Contribution long abstract:
Collaborative, participative, action-research, feminist and critical methodologies have been central to my research on health, care and life over the last 15 years in the South of Chile. Through facing the many challenges of collaborative projects within different healthcare initiatives, with different institutions and people, I have moved from a pretty naïve to a more nuanced engagement with collaboration as a method, as an ideal and as a real-life practice.
In this paper I aim to discuss some of the pitfalls of collaboration in medical anthropology drawing on two ethnographical projects that took place in the Island of Chiloé in separate times and places with different groups of people: A participatory film project as part of an ethnography of a Complementary Health Initiative with a Williche Community (2010-2012) and an interinstitutional multimodal research project on food and health with a Rural School (2022-2024). In the first one, I was myself a doctoral student, in the second one I am part of a team of more or less established researchers and ECRs. Being quite different in its methodological proposal and institutional constrictions, both projects addressed health-related issues intending to counter epistemic and social inequality by including diverse forms of knowledge production and experimenting with ways of doing health-research as a caring and loving practice. In both cases collaboration had to be negotiated and transformed in the research process.

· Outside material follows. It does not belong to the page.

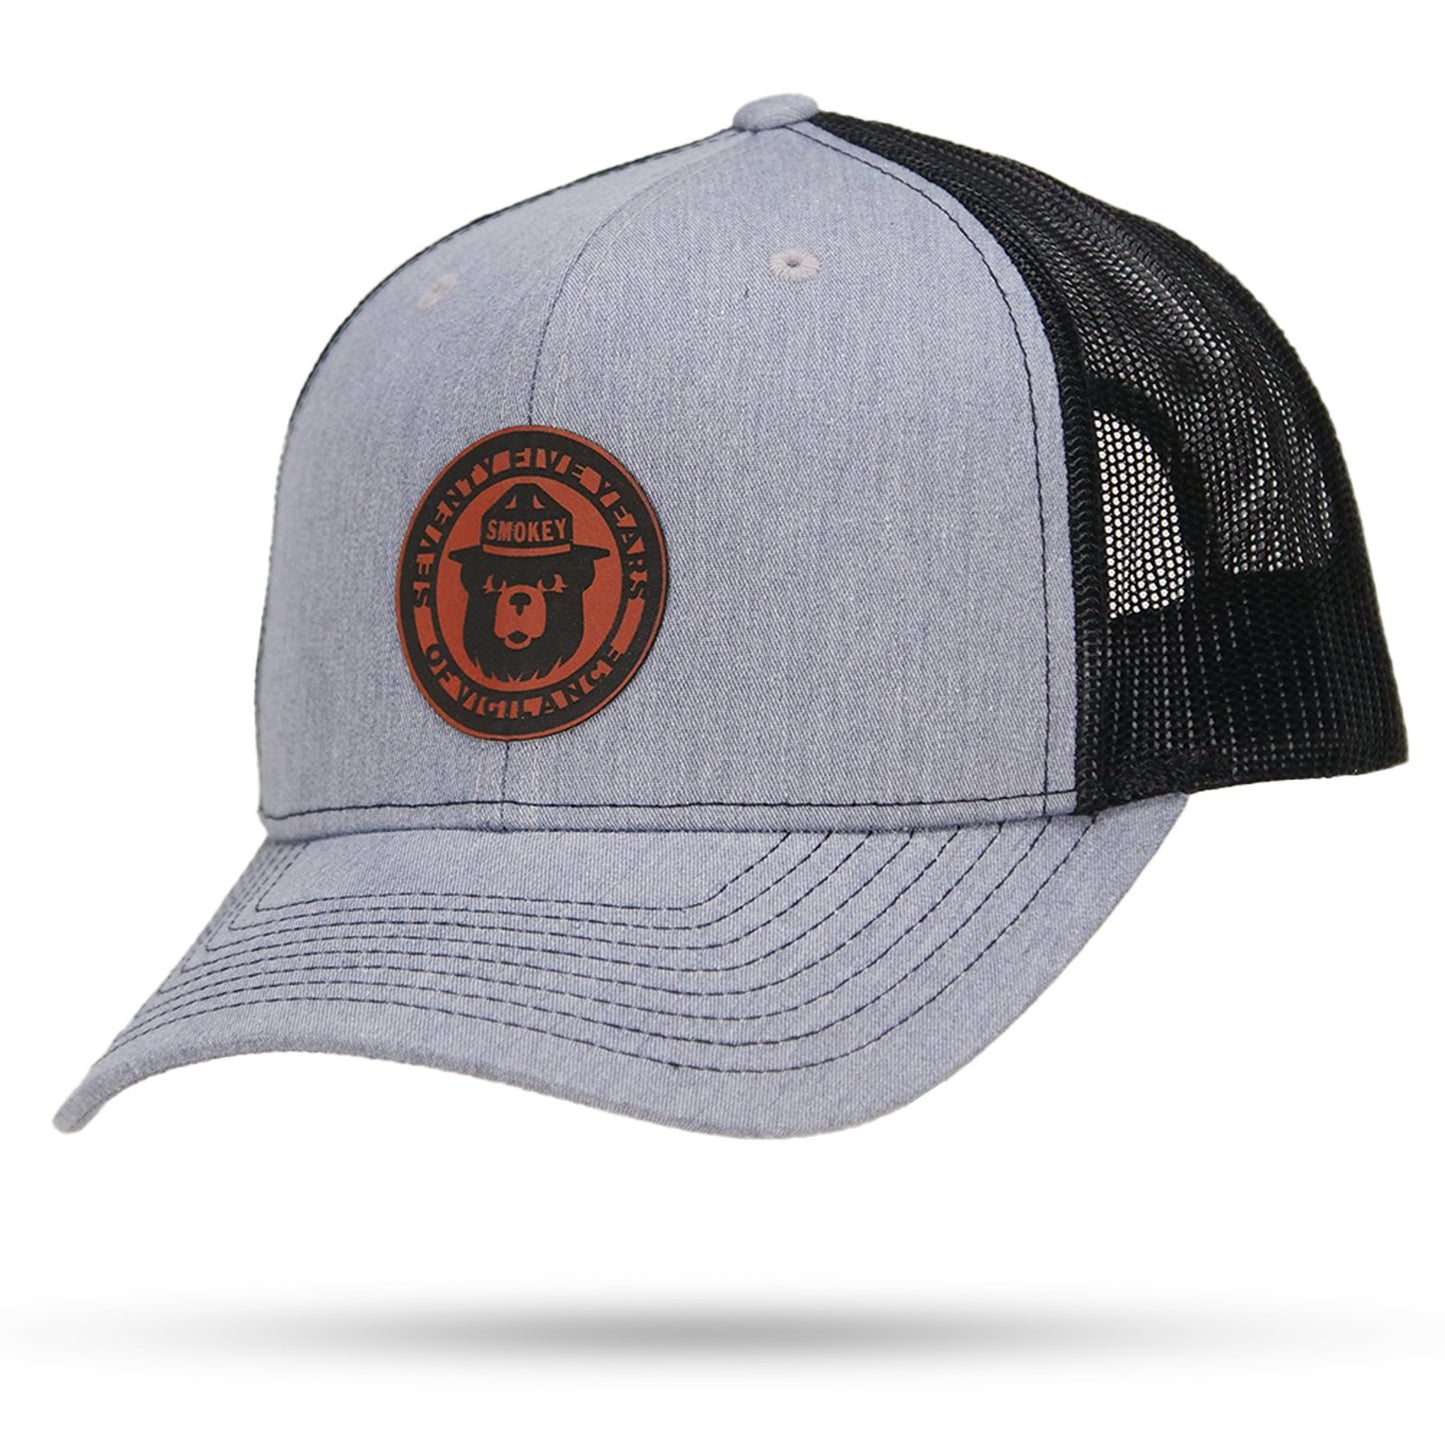 WYR Smokey – Years of Trucker Bear Vigilance 75 Snapback Hat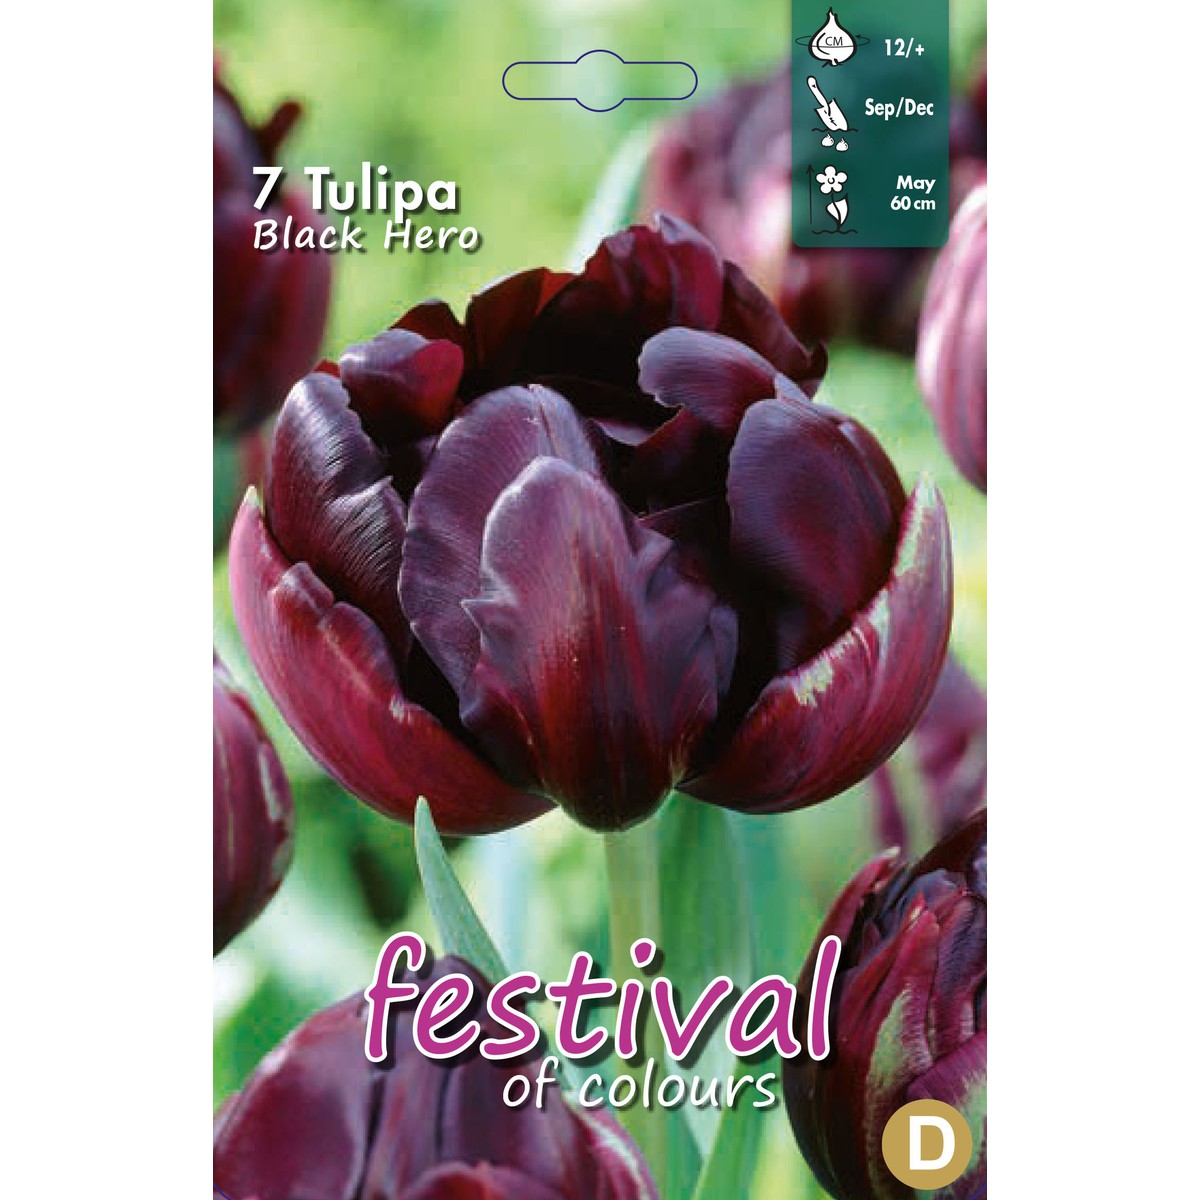   Tulipes 'Black Hero'  10 pcs 12/

It ended up including at times pretty vertical or authoritative practices along with some horizontal and emancipatory moments.
Contribution short abstract:
This roundtable contribution discusses the possibilities and limits of collaborative ethnography, based on a project about the lives and labors of healthcare workers in a hospital intensive care unit (ICU) in the US during Covid-19.
Contribution long abstract:
This roundtable contribution discusses the possibilities and limits of collaborative ethnography, based on a project about the lives and labors of healthcare workers in a hospital intensive care unit (ICU) in the US during Covid-19.
The project's collaborative ethnographers included a medical anthropologist and three ICU physicians, each bound by a peculiar and productive dilemma: What does it mean when the trained ethnographer cannot enter the space of ethnographic observation? Due to hospital visitation restrictions during the pandemic, the medical anthropologist always found himself "on the other side of the screen" -- that is, put in relation to his collaborators via Zoom, but rarely in person. Moreover, the site of research -- the hospital ICU -- was off-limits to someone deeply committed to up-close hospital ethnography.
What does it mean to remove close observation from one's ethnographic habits, and what implications does this have for collaborative medical anthropological research in clinical spaces and beyond? The presentation will reflect on this question in light of project insights, as well as emergent conversations in medical anthropology and the anthropology of science about the power relations inherent to collaborative research work.